Stocking your pantry: Essentials for the diabetic home kitchen
Stocking your kitchen with diabetic-friendly foods isn't just good for the convenience factor - it's essential for helping you to create healthy habits and make good dietary decisions on a daily basis so you're not led astray by cravings.
And with so many low-glycemic and made-for-diabetic type foods available these days, it's easier than ever to eat well. However, it all comes back to basics.
Foods to Keep in Your Kitchen
Proteins. For diabetics, lean protein is king. These types of proteins (lean turkey, skinless chicken, and many types of fish) are chock-full of amino acids, are lower in calories and fat than other types of meat, and will help keep you full. Most importantly, they'll help stabilize your blood sugar and prevent carbohydrate cravings.
Vegetables. Luckily for diabetics, you can pretty much consider vegetables a "freebie" on your diet plan: eat as much as you want, as long as you're not loading up too heavily on starchy, root vegetables like potatoes or squash. Stick with veggies like spinach, broccoli, mushrooms, snap peas, cabbage, green beans, and collard greens.

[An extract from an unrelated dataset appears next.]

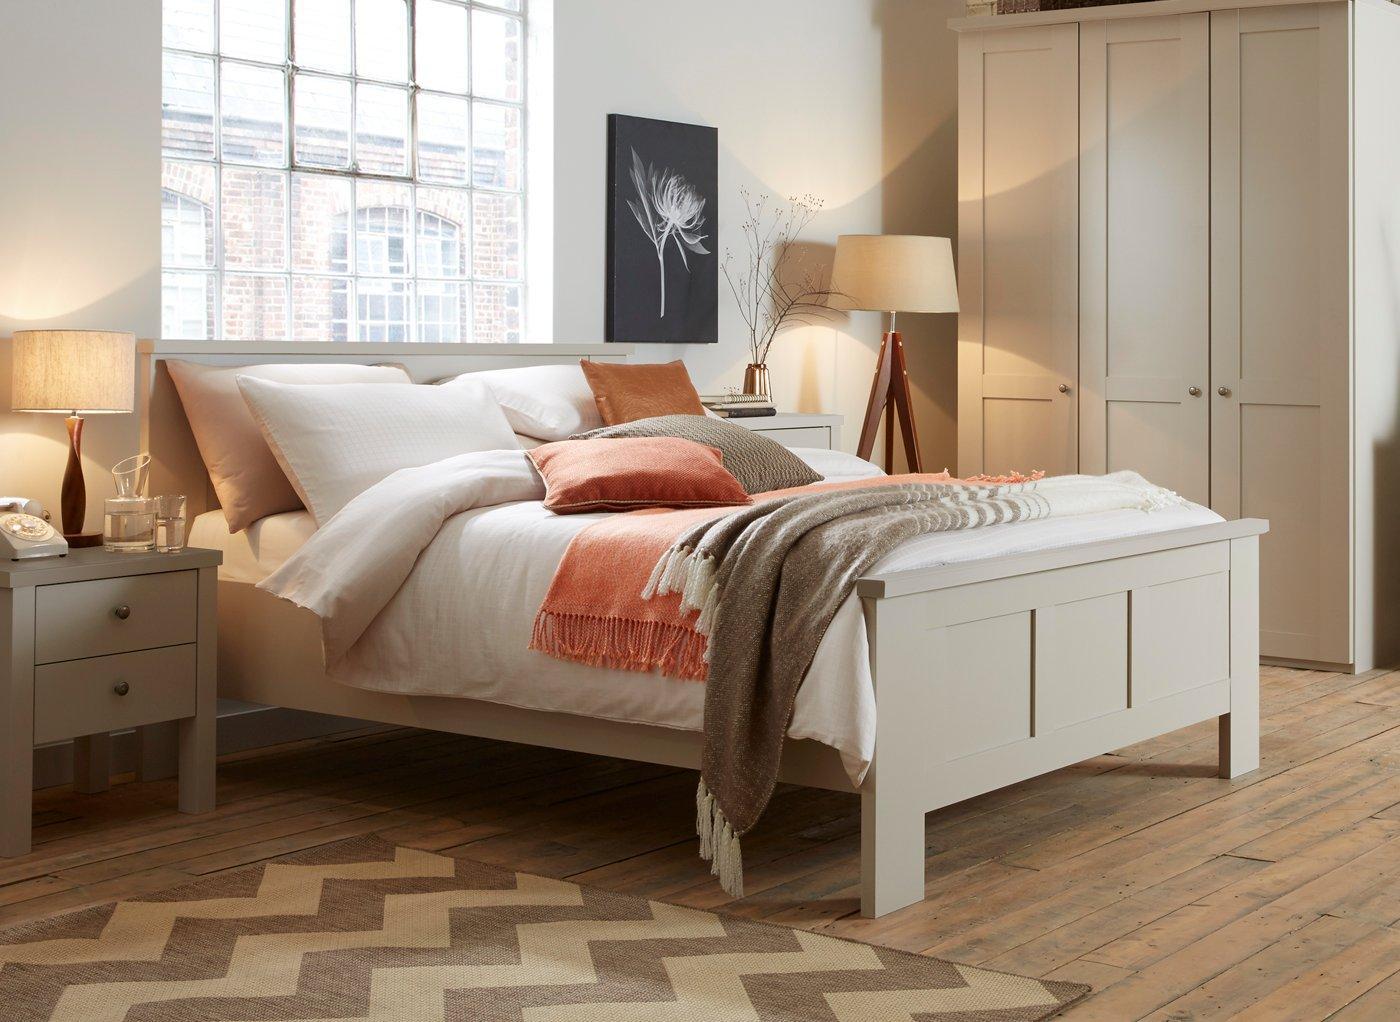 sloane-bed-frame
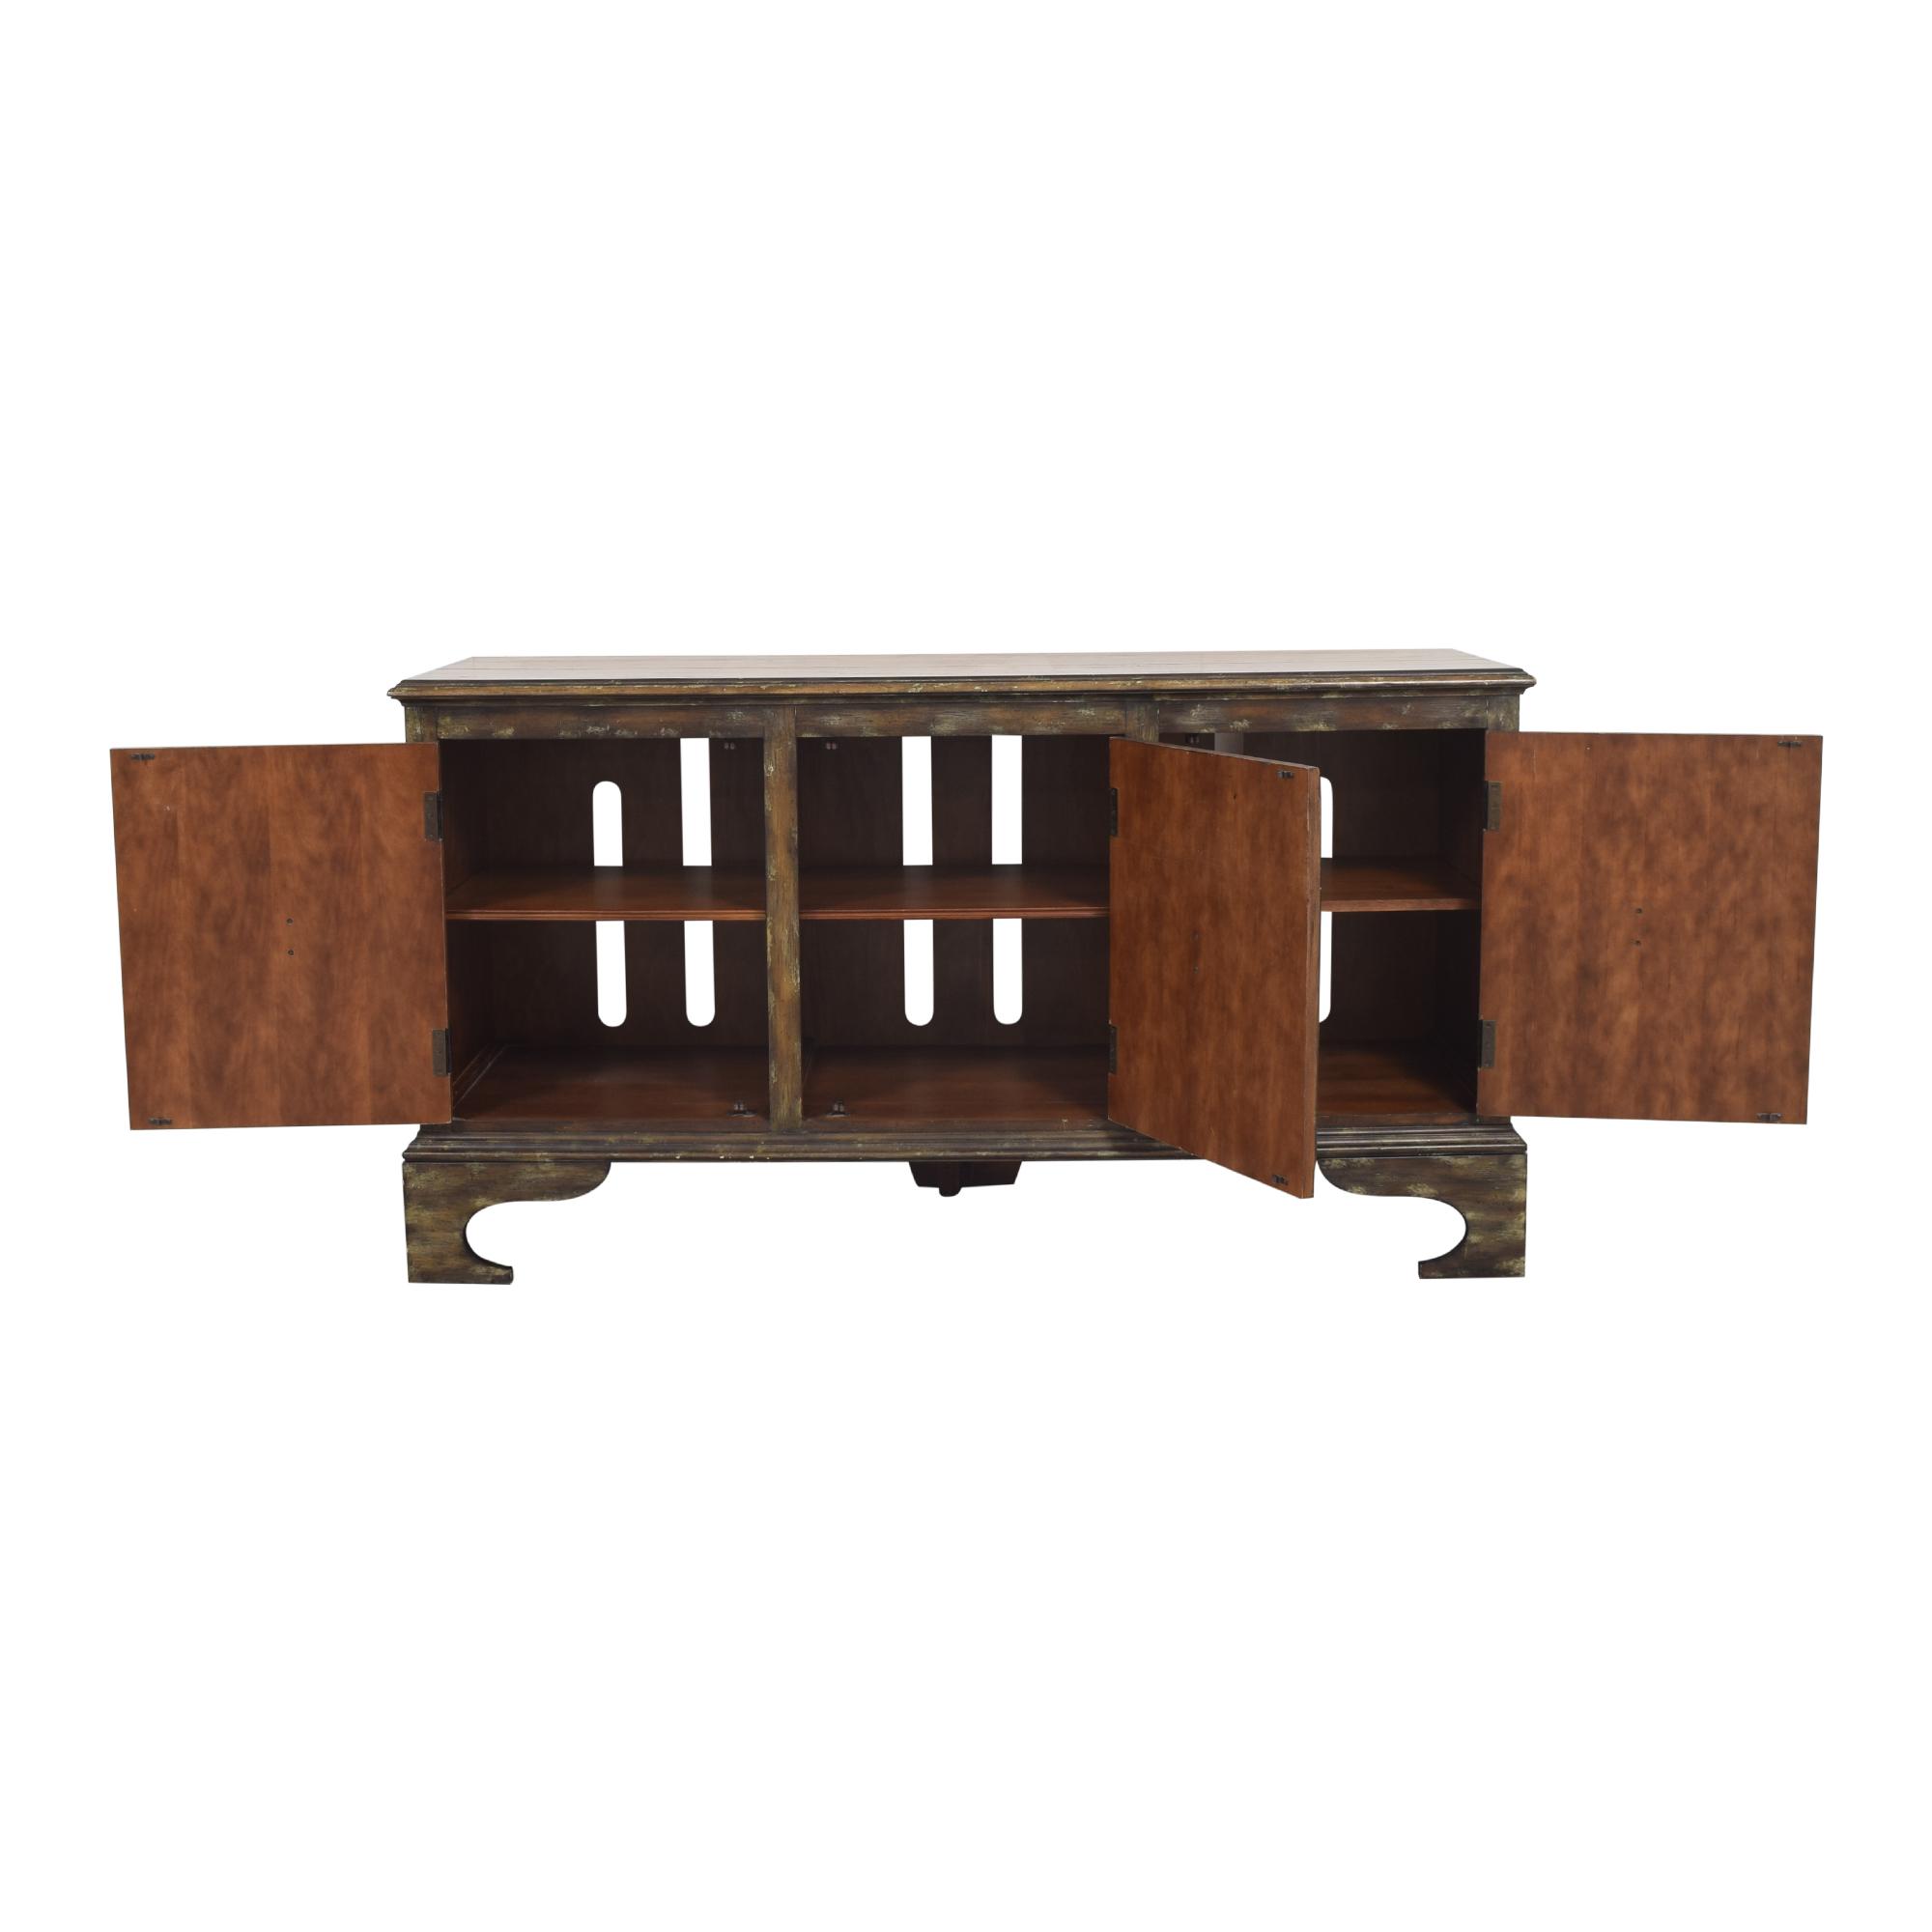 Hooker Furniture Hooker Furniture Three Door Sideboard pa

Low-glycemic fruit. Fruit isn't totally off limits for diabetics, but you should be more picky about which fruits you eat. While fruits contain natural sugars, they're still sugars. Berries are the top pick, followed by things like oranges, tangerines, peaches, melon, grapes, or plums. Try to avoid tropical fruits like mango or pineapple, as they tend to be higher in sugar.
Dairy. Dairy products, provided they are low-fat, are a good compliment to your diet, especially since many offer a decent dose of protein. Stock up on fat-free or low-fat Greek yogurt, skim-milk cheeses, or low-fat cheeses like Baby Bell or Laughing Cow.
Fiber. Many diabetics may opt to take a fiber supplement, like Metamucil, but you can also get enough fiber in your diet. Whole grains contain fiber, as do vegetables, beans, and many types of protein bars, like Quest Bars. Fiber will help stabilize your blood sugar, keep you "regular" and prevent hunger pangs.
Condiments. When buying condiments, check labels to make sure they're low in sugar, sodium and fat. Opt for reduced-sugar jams and jellies, extra-virgin olive oil or cooking spray for cooking, and low-fat or fat-free salad dressings.
Sugar substitutes. If you're a baker, make sure to stock up on some sugar substitutes for your diabetic kitchen. Natural versions like stevia and erythritol are well-tolerated by most people, and they are widely available in grocery stores across the country.